--- Data ---
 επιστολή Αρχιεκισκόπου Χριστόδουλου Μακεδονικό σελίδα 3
---
--- Data ---
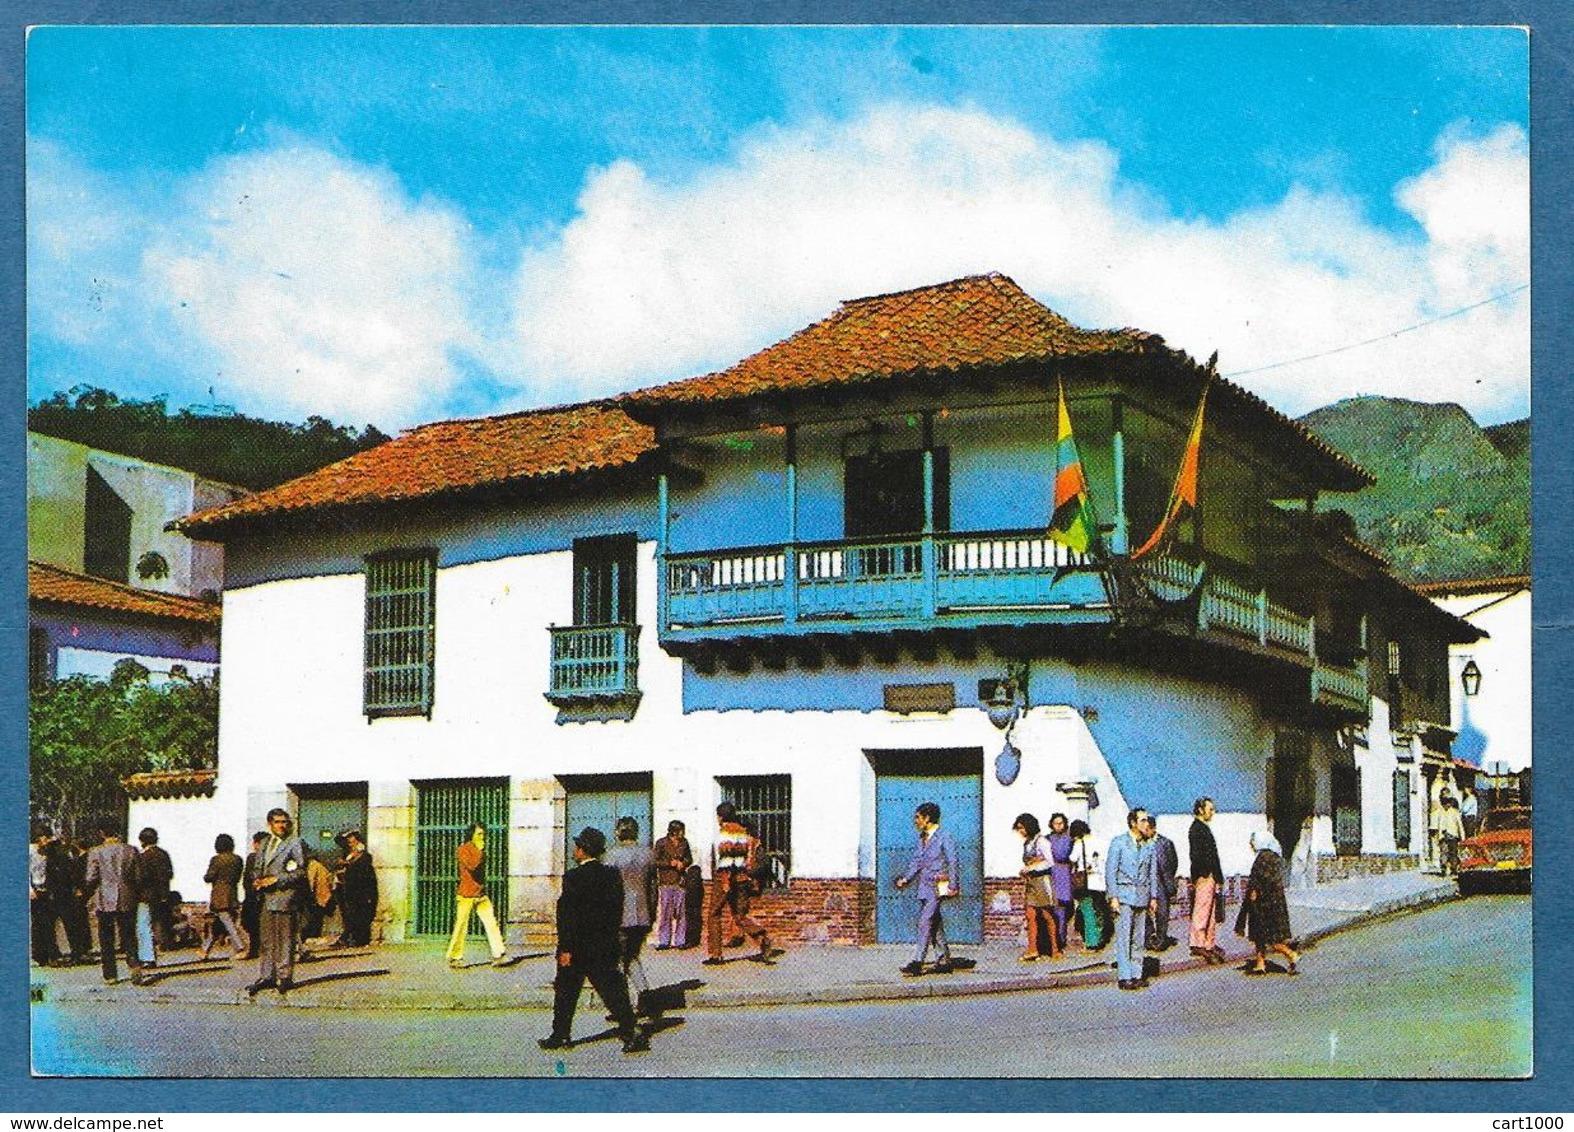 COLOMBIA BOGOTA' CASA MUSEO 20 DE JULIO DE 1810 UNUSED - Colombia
---
--- Data ---
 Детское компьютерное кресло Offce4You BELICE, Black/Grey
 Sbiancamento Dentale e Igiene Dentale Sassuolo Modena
---
◆ Exercise requirements ◆
Look through the data above and return exactly the lines from the one that contains "Детское компьютерное кресло" to the one that contains "Sbiancamento Dentale e", inclusive, with nothing else.

◆ Answer for this exercise ◆
 Детское компьютерное кресло Offce4You BELICE, Black/Grey
 Sbiancamento Dentale e Igiene Dentale Sassuolo Modena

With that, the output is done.